Finding the right defensive strategy is contingent on understanding how attackers are targeting cloud environments. To be successful, you need the ability to correlate security events with indicators of attack, based on real-time threat intelligence and telemetry from across your cloud estate and on-prem environment.
Only then can you put this data into action, identifying the shifts in adversarial tactics to better understand how an adversary will target an organization and to prevent threats in real time.
Taking an adversary-focused approach arms security and incident response (IR) teams with a higher level of context about the situation they are facing. By leveraging threat intelligence and mixing it with continuous visibility, organizations can better defend their assets.
Pre-runtime and compliance data alone will not provide IR teams with the type of comprehensive data they need — they require as much data as possible to support their investigations and get a complete picture of what is happening.
Elements of an Adversary-Focused Approach:
Integrated threat intelligence is key. A proactive security strategy for today’s cloud begins with studying the tactics, techniques and procedures (TTPs) that threat actors are executing in hybrid environments. Only then can security teams turn their attention to preventing cloud breaches.

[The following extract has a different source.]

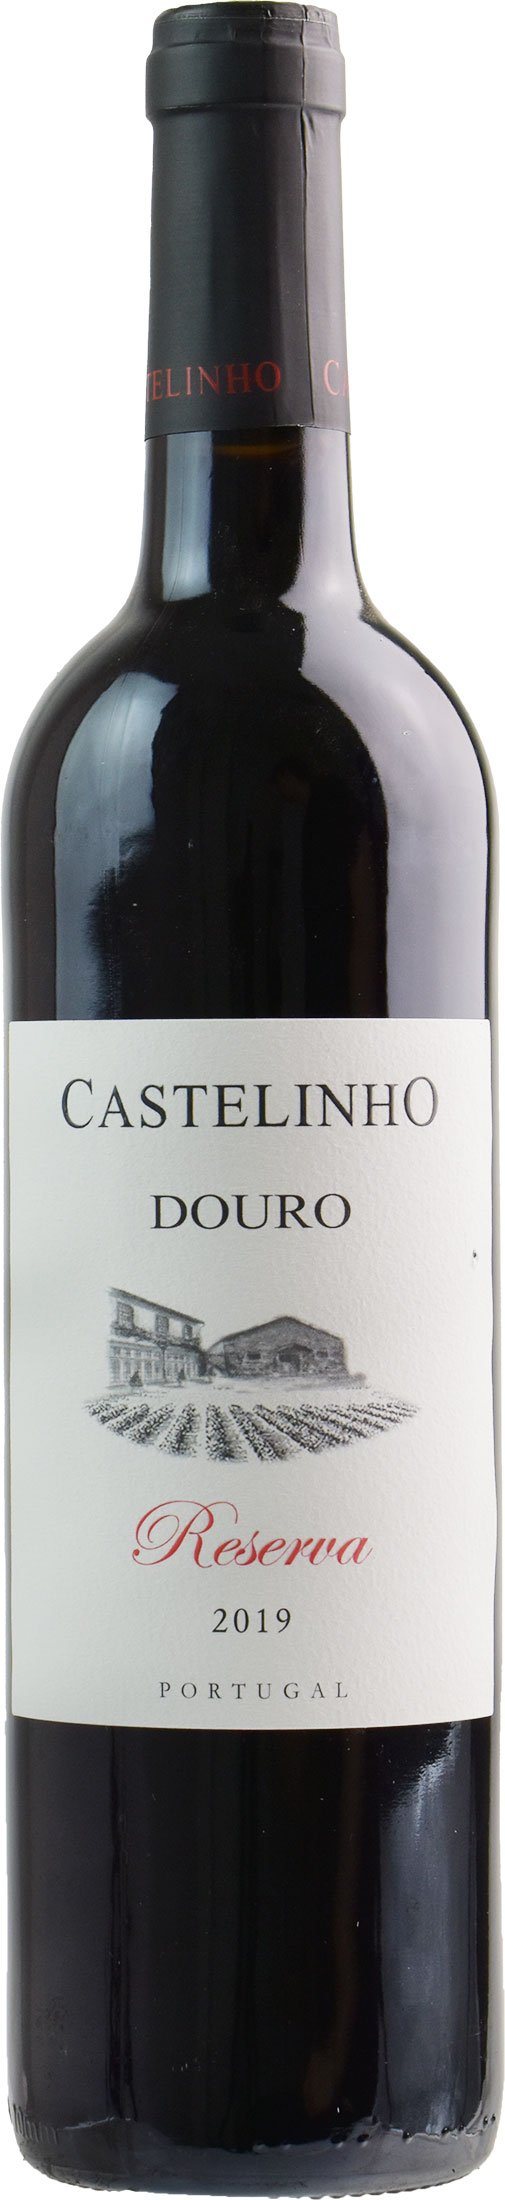 Castelinho Douro Reserva

Visibility is critical. Organizations need to know how many cloud assets exist and where they reside. When all the dark corners have been lit, threat intelligence can lay the foundation for relevant insights. If an attacker is taking advantage of a lack of outbound communication restrictions to exfiltrate data, organizations have to be able to detect that and enforce policies to block it.
The principle of least privilege should be a governing idea of any security strategy, particularly one being applied to a cloud environment where the concept of the traditional perimeter is essentially nonexistent. Knowing how threat actors are trying to access cloud resources better positions organizations to lock down cloud applications and resources and reduce risk.

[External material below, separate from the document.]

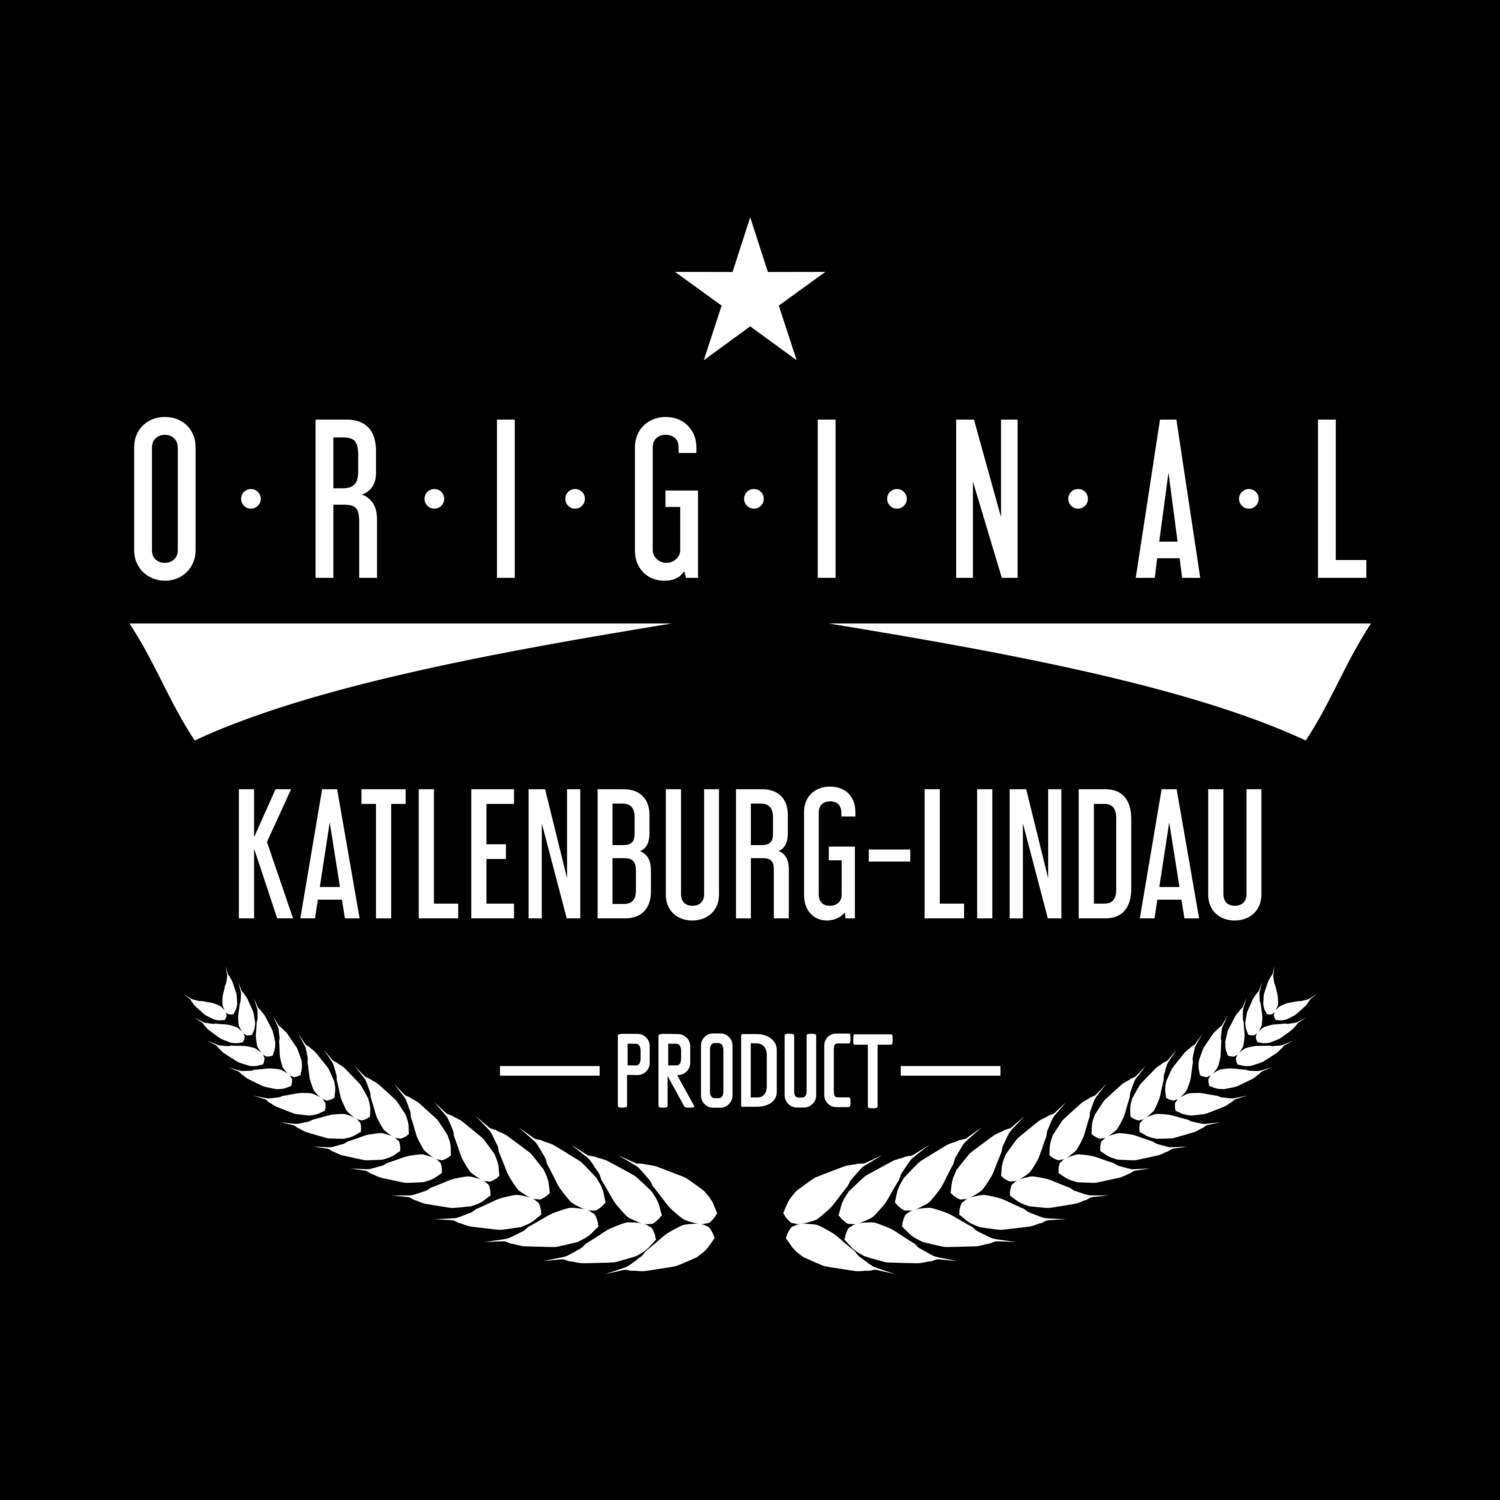 Katlenburg-Lindau T-Shirt »Original Product«

Cloud hygiene is a simple step that can go a long way in defending against modern attackers. Businesses operating in the cloud should clarify security responsibility so both the vendor and security teams know how to apportion monitoring tasks. Access management is a key part of this as well; not everyone needs access to all cloud environments at all times. IT and security teams must also understand the need to protect applications during coding and run time but need to do so at the speed of DevOps.
Automation is another key pillar of an adversary-focused approach to today’s security solutions. Given the thousands of attack surfaces that cloud environments work with, automation is necessary to monitor and remediate solutions at scale.
Security teams need to ensure that the secure thing to do is the easy thing to do by allowing DevOps to actively participate without friction, and automation is a critical component to making that happen.
Make the Secure Thing to Do the Easy Thing to Do
Thinking like an attacker and knowing their tactics, techniques and procedures is a fundamental part of protecting IT infrastructure. The attack surface of the cloud — with its dynamic mix of containers, virtual machines, microservices and more — is complex and growing. With attackers circling, it would be a mistake for organizations to focus on the cloud less than attackers do.
Attacks are not always direct; sometimes, adversaries strike the on-premises environment first and then go after cloud resources. In a hybrid IT world, organizations need to be able to extend the security controls protecting their on-premises environment beyond to the cloud to maintain consistency and compliance.